I had hoped that one of his family members would step forward, but so far nobody has. Earlier, Angela had told me that his mother was finally picked up over the weekend for possession and assaulting an officer, and remembering my friend’s words now, I stroke the baby’s soft cheek.

“Someone’s going to fall head over heels for you, little man,” I whisper before placing him back in his incubator. “I promise.”

At the end of my shift, I'm in a good mood. There were no emergencies tonight, no moments that left me drained, and I actually had time for a lunch break.
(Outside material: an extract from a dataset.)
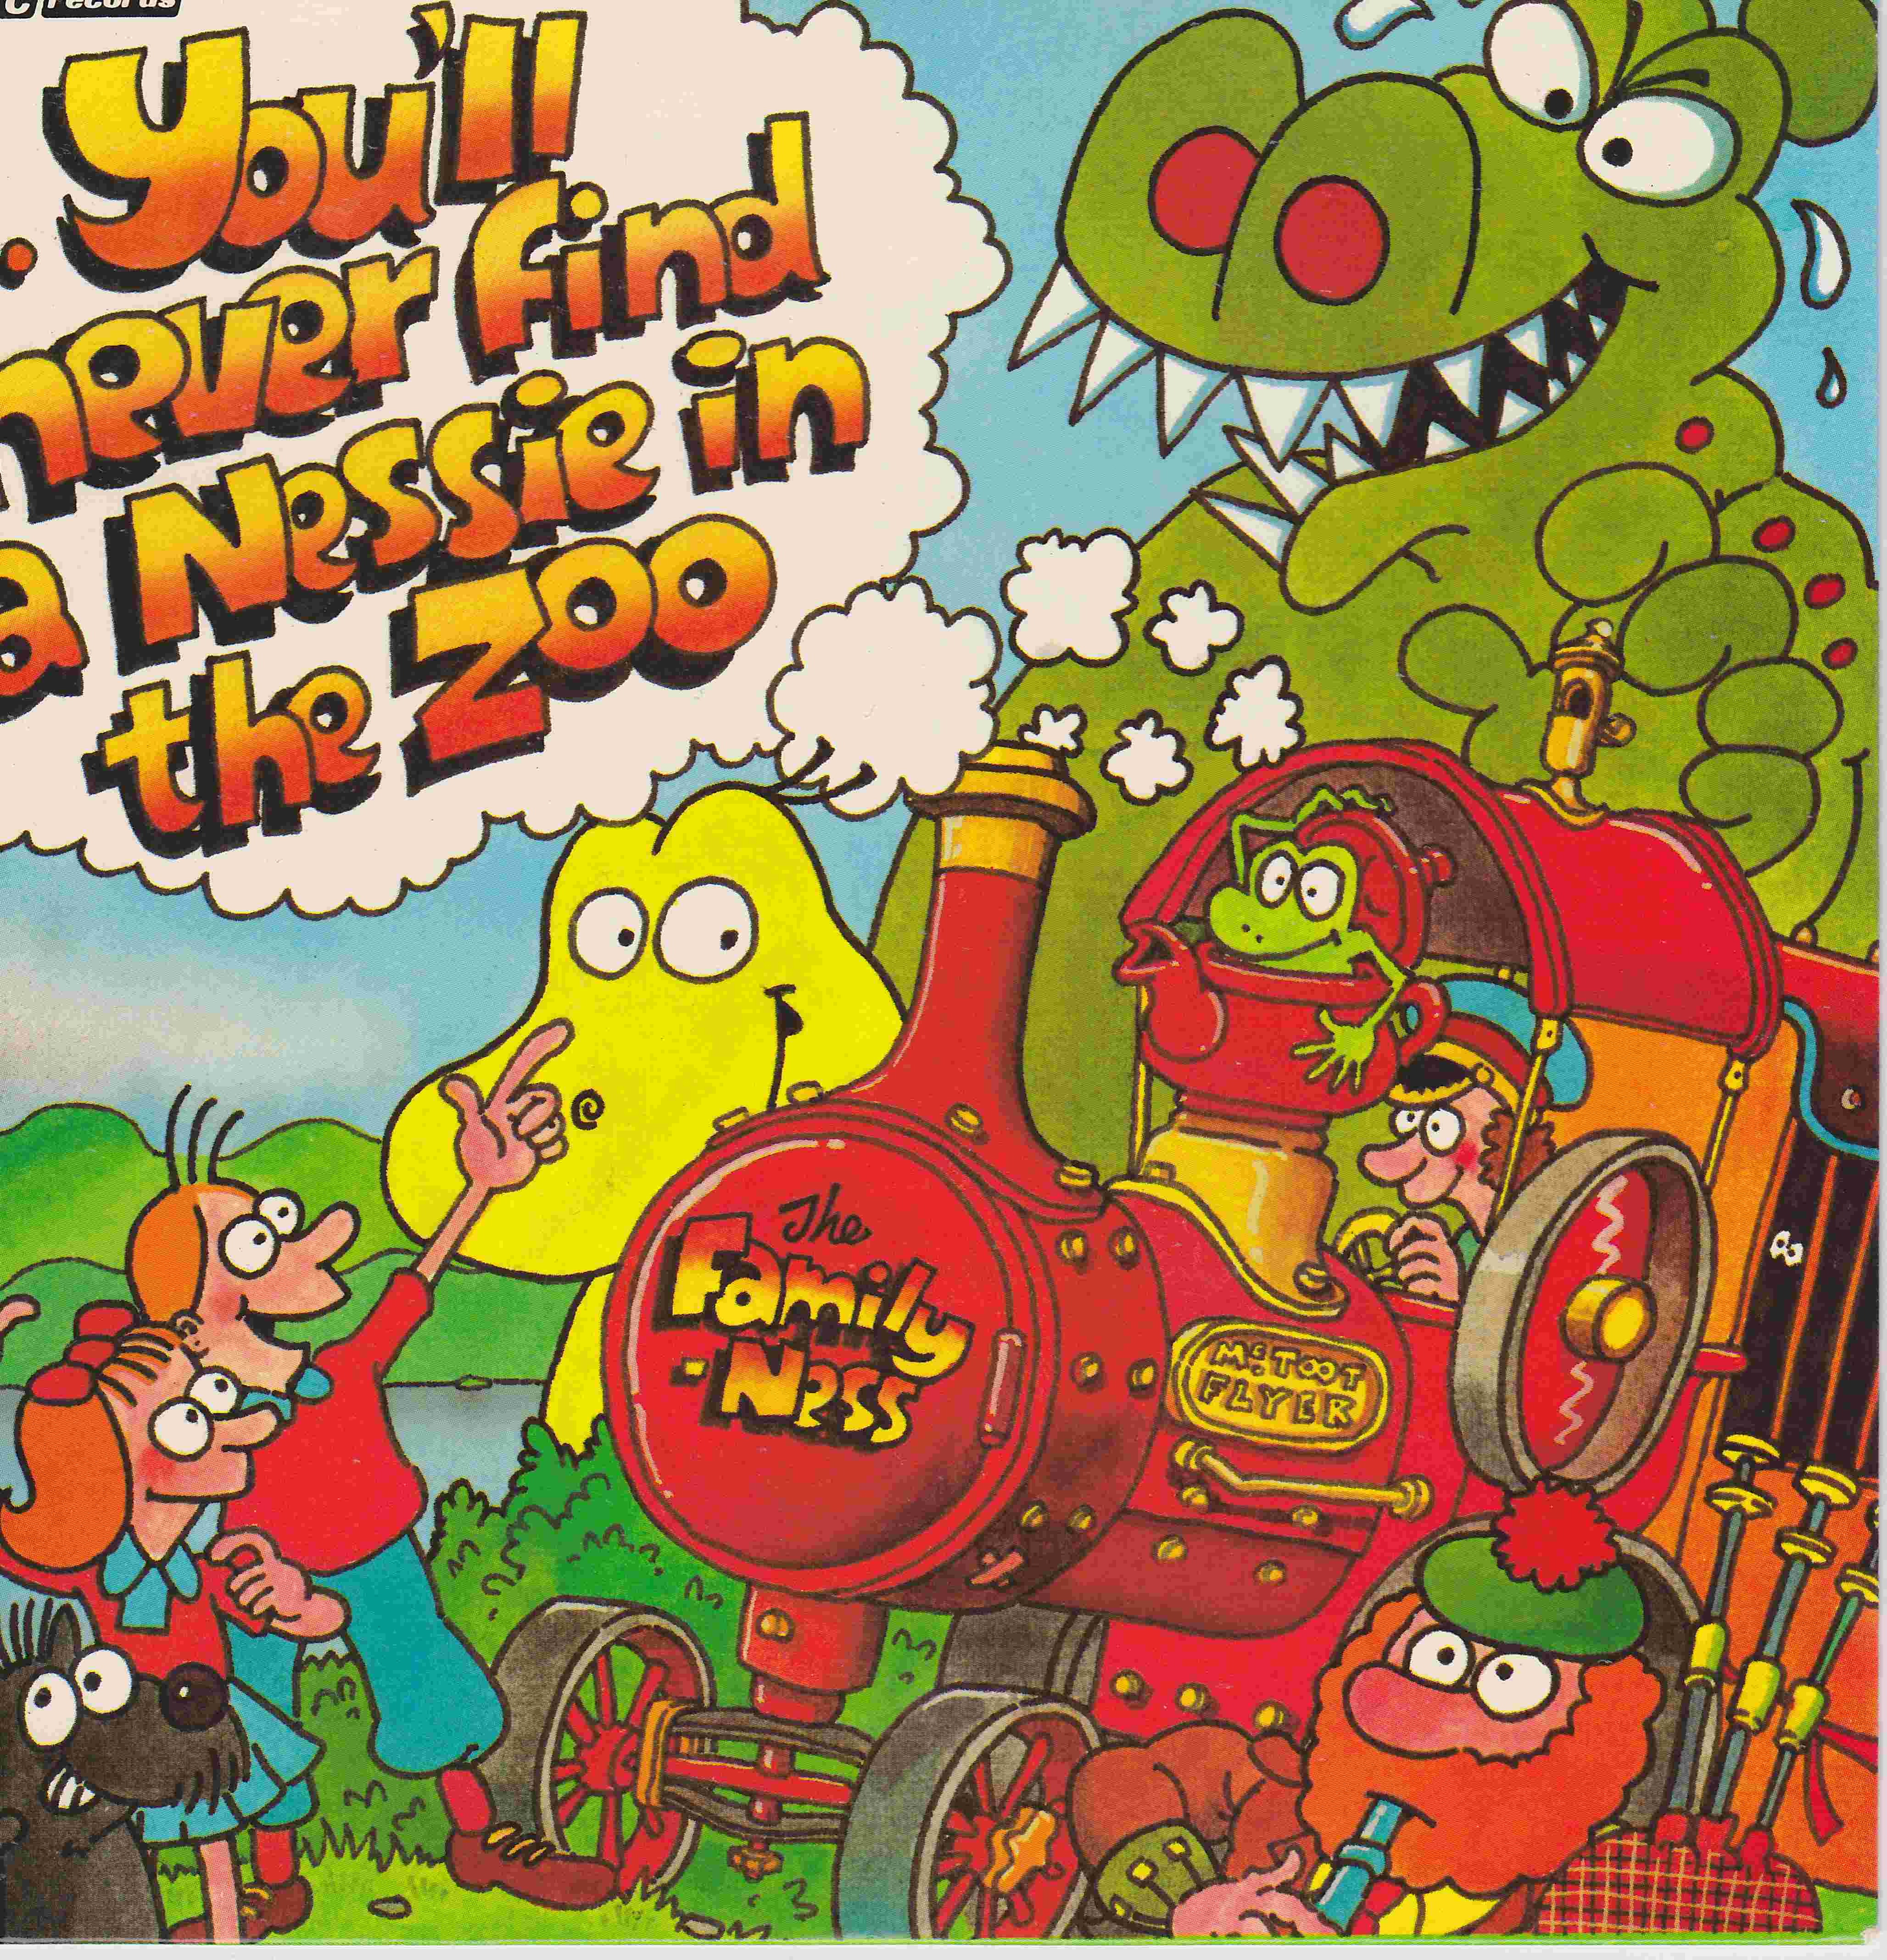 Picture of RESL 155 You'll never find a Nessie (The family ness) by artist Roger Greenaway / Gavin Greenaway / The Family Ness from the BBC singles - Records and Tapes library

I sing under my breath—the same song I hummed to Baby R earlier—and power on my phone for the first time since I came to work as I walk to the parking garage. The song dancing on my lips quickly turns to a low, strangled growl. There’s a black BMW parked directly beside my car and the body sitting behind the wheel is one I’m all too familiar with.

“What the fuck?” I hear myself whisper, and I move in the opposite direction of my car until my back bumps against a concrete pillar.

When my phone vibrates in my hand, I nearly jump out of my skin. I glance down at the screen, a harsh lump forming in the back of my throat because the last few texts are from Mateo.

A moment later, the BMW’s door opens and he steps out looking like sin personified. His amber eyes lock with mine and then a slow grin inches across his features.

“Fuck, it’s good to see you,” he says.